A disused chalkpit is situated to the west of the car park at the top of Mill Road. Opened around 1805, it was described as a "public chalk pit" for local people to quarry chalk for construction work, building maintenance and for use in manure. It was permanently closed at the beginning of the 20th century following the death of a person collecting chalk from the site. The chalk pit is a geologically important feature as it contains a layer of Tarrant chalk and has yielded important fossil discoveries such as Pelmatopora lancingensis, a Bryozoan (moss animal) of the Cribrilinidae family; and a Crinoid, Bourgueticrinus cf. fritillus. Fossil discoveries from the site are now in the care of the British Museum.

At least one windmill stood at the eastern end of the chalkpit, with the most recent mill to occupy this site having been demolished in 1905. It is uncertain when the first windmill was erected at Lancing Ring, but there is mention of a mill in Lancing in the Domesday Book.

Lancing Ring was used by the Canadian Army during World War II.

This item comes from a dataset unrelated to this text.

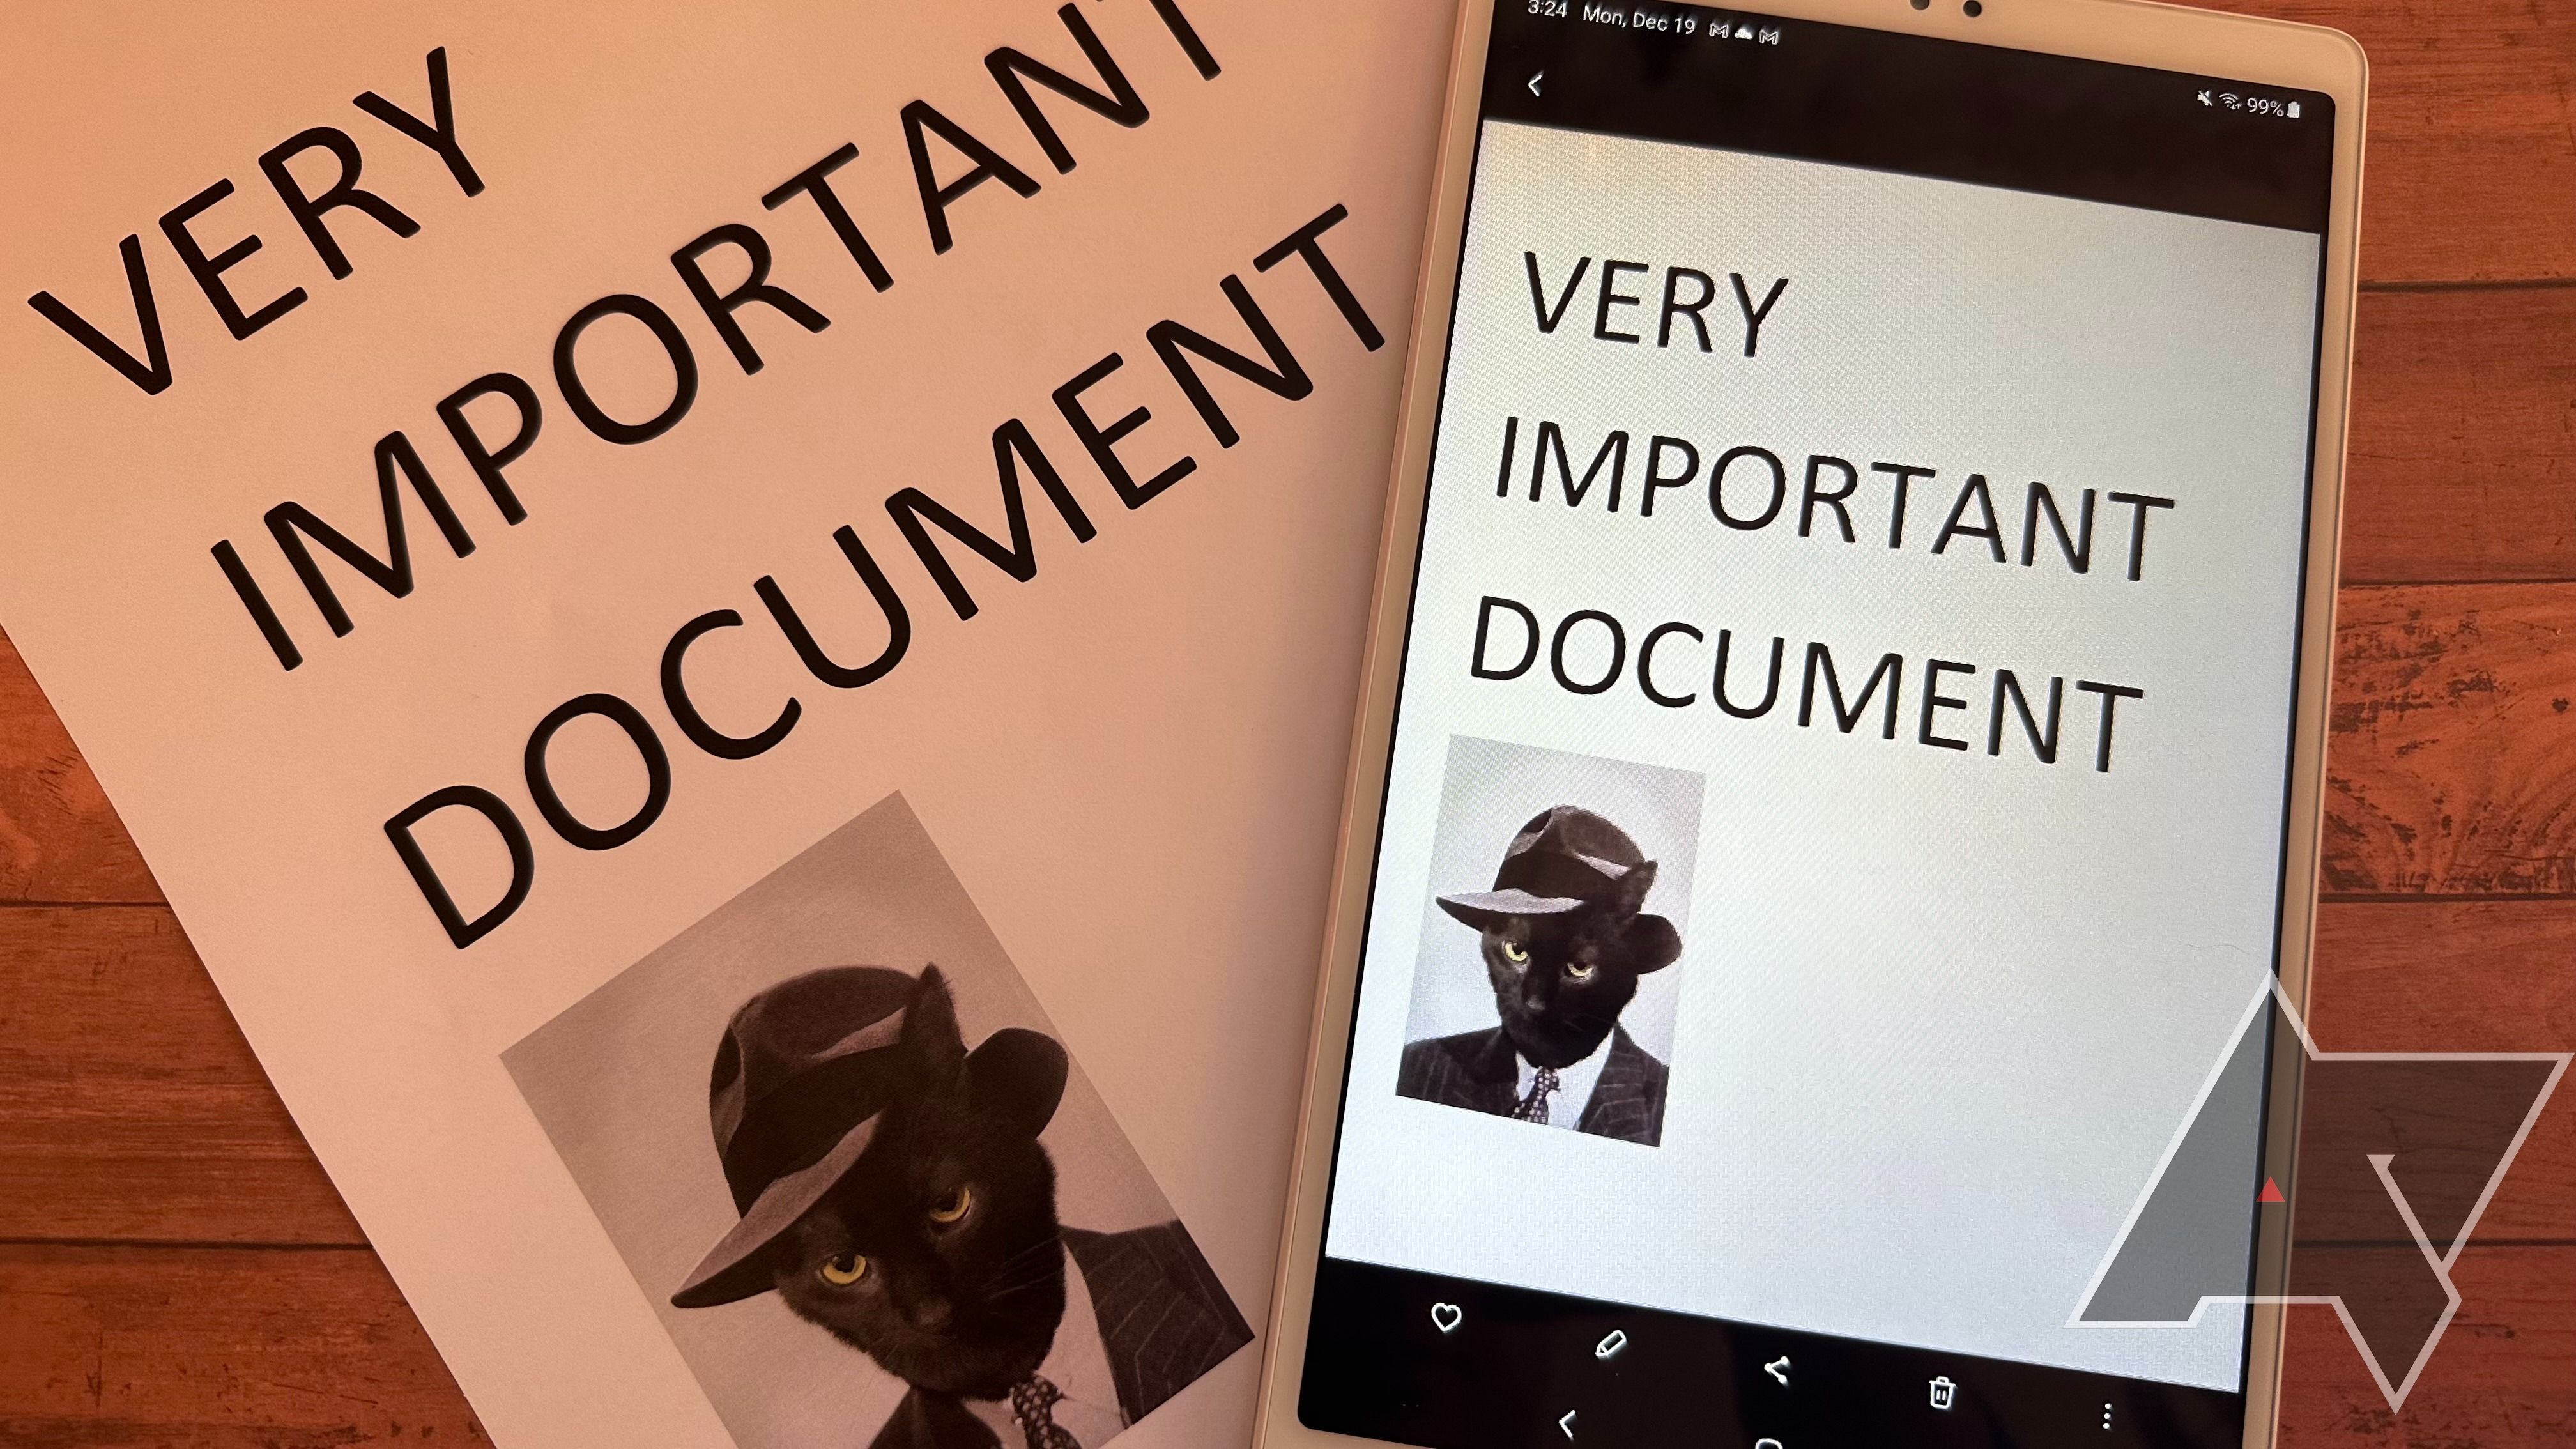 Exemplo de digitalização de documentos no Samsung Galaxy A7 lite

In 1949, the land was sold to the local council by the Trustees of Lancing College for use as a permanent public open space for local people. The Friends of Lancing Ring group was established in 1989 with a view to protecting and conserving the land, performing restoration and maintenance work in conjunction with Adur Council and private organisations, and promoting the space to the people of Lancing. The group was instrumental in protesting the development of the A27 road through the area, which would have destroyed the site entirely.

== Flora, fauna, and funga ==
Lancing Ring is host to a great many species. This is helped by the wide range of habitats available within the nature reserve, including woodland, meadowland, pastureland, a dew pond and an old chalk pit.

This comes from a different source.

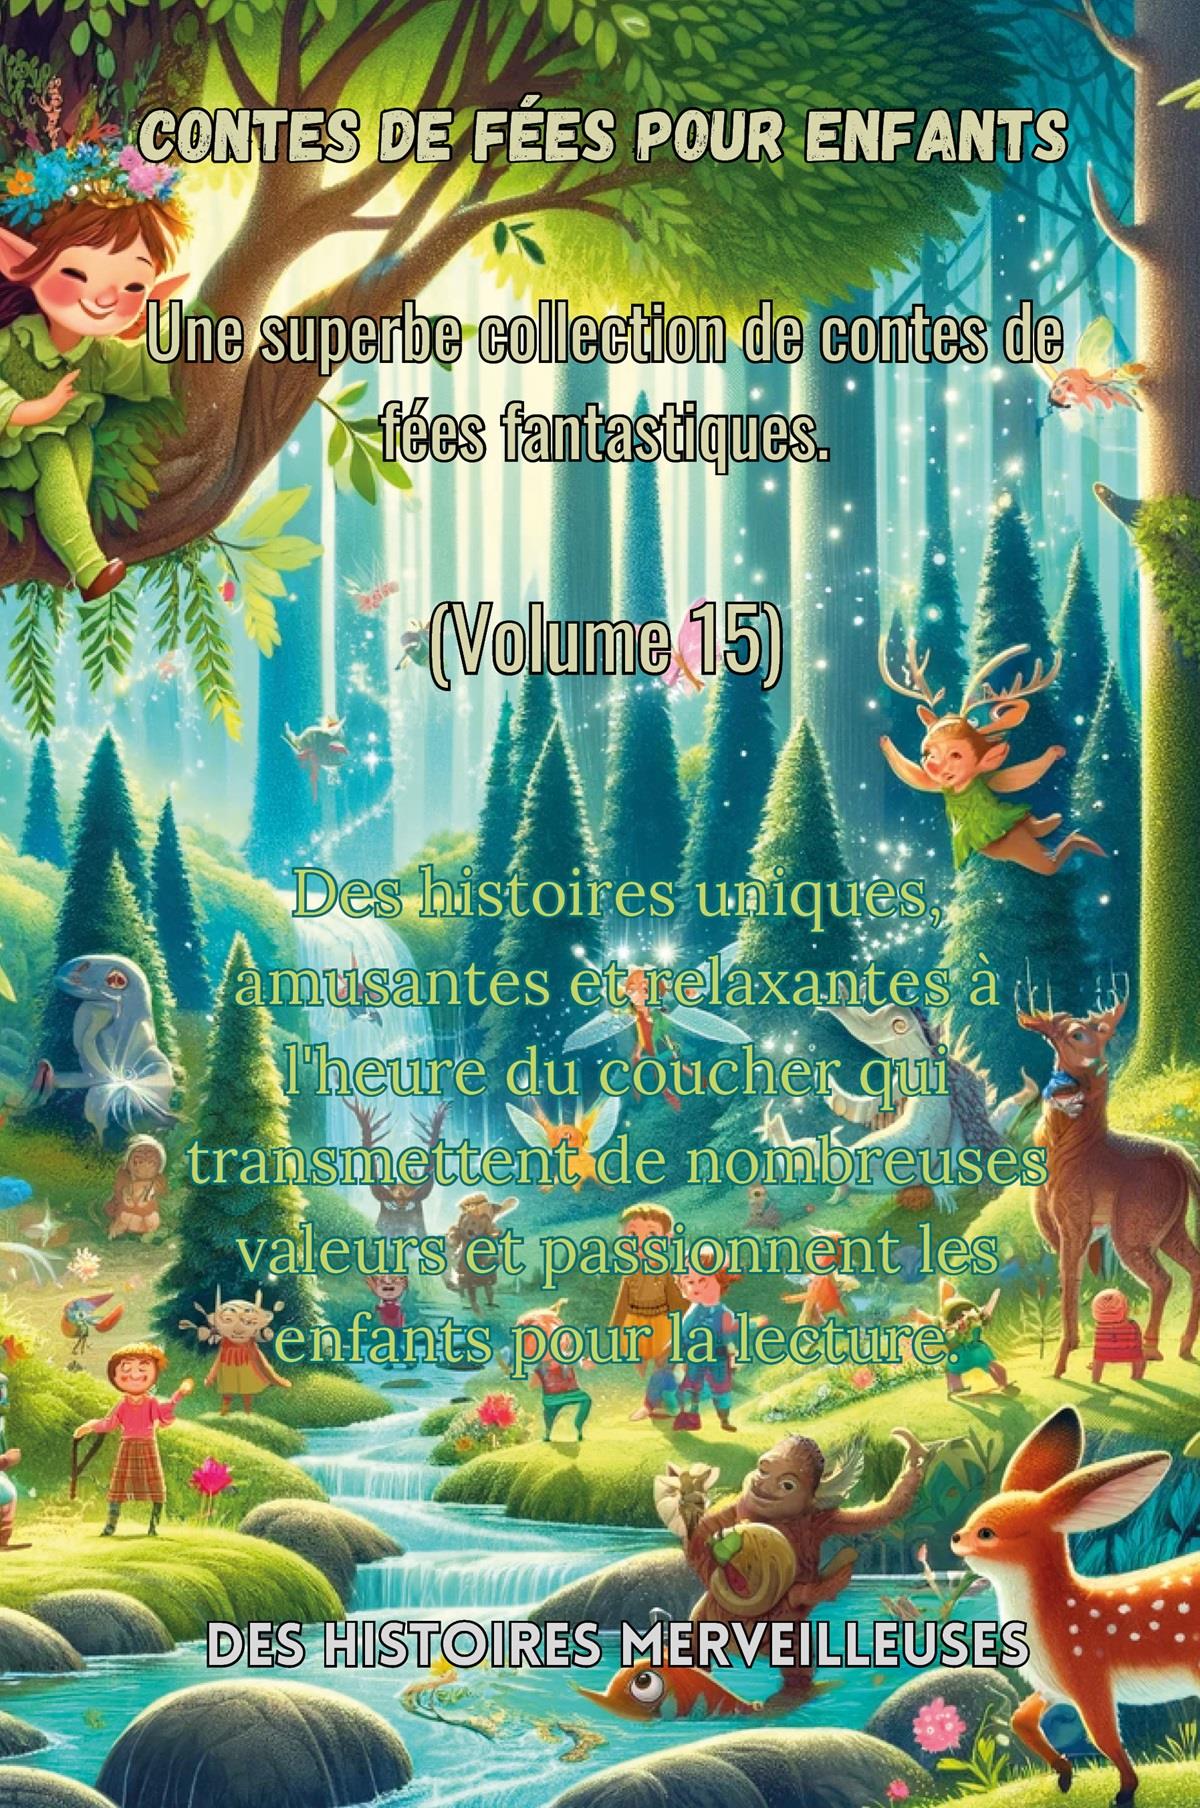 Contes de fées pour enfants Une superbe collection de contes de fées fantastiques. (Volume 15)

Notable plants include reed mace, yellow flag iris, purple loosestrife, early purple orchids, wood anemones, arum lilies, spurge laurel and sweet violet. The county flower of Sussex, round-headed rampion, also grows here. Beech trees are abundant although there are also ash, common hawthorn (Crataegus monogyna), blackthorn, elder, wild cherry, sycamore and field maples present. Buddleja can be seen growing in the chalk pit and makes a beautiful display in early summer, attracting pollinating insects. North of the Lancing Manor allotments, McIntyres Field has been designated as a wildflower meadow; this is complemented by other meadowland interspersed throughout the site.

Dragonflies and damselflies can be observed around the dew pond. More rarely, adders and lizards can be spotted, particularly in the chalk pit.

Blackberries are abundant during the late summer months and several species of fungi can be found in the woodland in autumn, such as puffballs, Auricularia auricula-judae ('jelly ear mushrooms'), Macrolepiota procera ('parasol mushrooms') and 'shaggy pholiota' (either Pholiota squarrosa or P. squarrosoides).

A range of resident and migratory birds frequent the area. Great spotted woodpeckers, skylarks, redwings and jays have all reportedly been observed, and more common garden birds such as blue tits and robins can also be seen.

== Community use ==
Friends of Lancing Ring host events such as guided flower walks and volunteer sessions which focus on maintenance and conservation of the reserve.

An extensive network of paths lead from the site to Steyning, Coombes, Cissbury Ring and the River Adur, as well as further afield.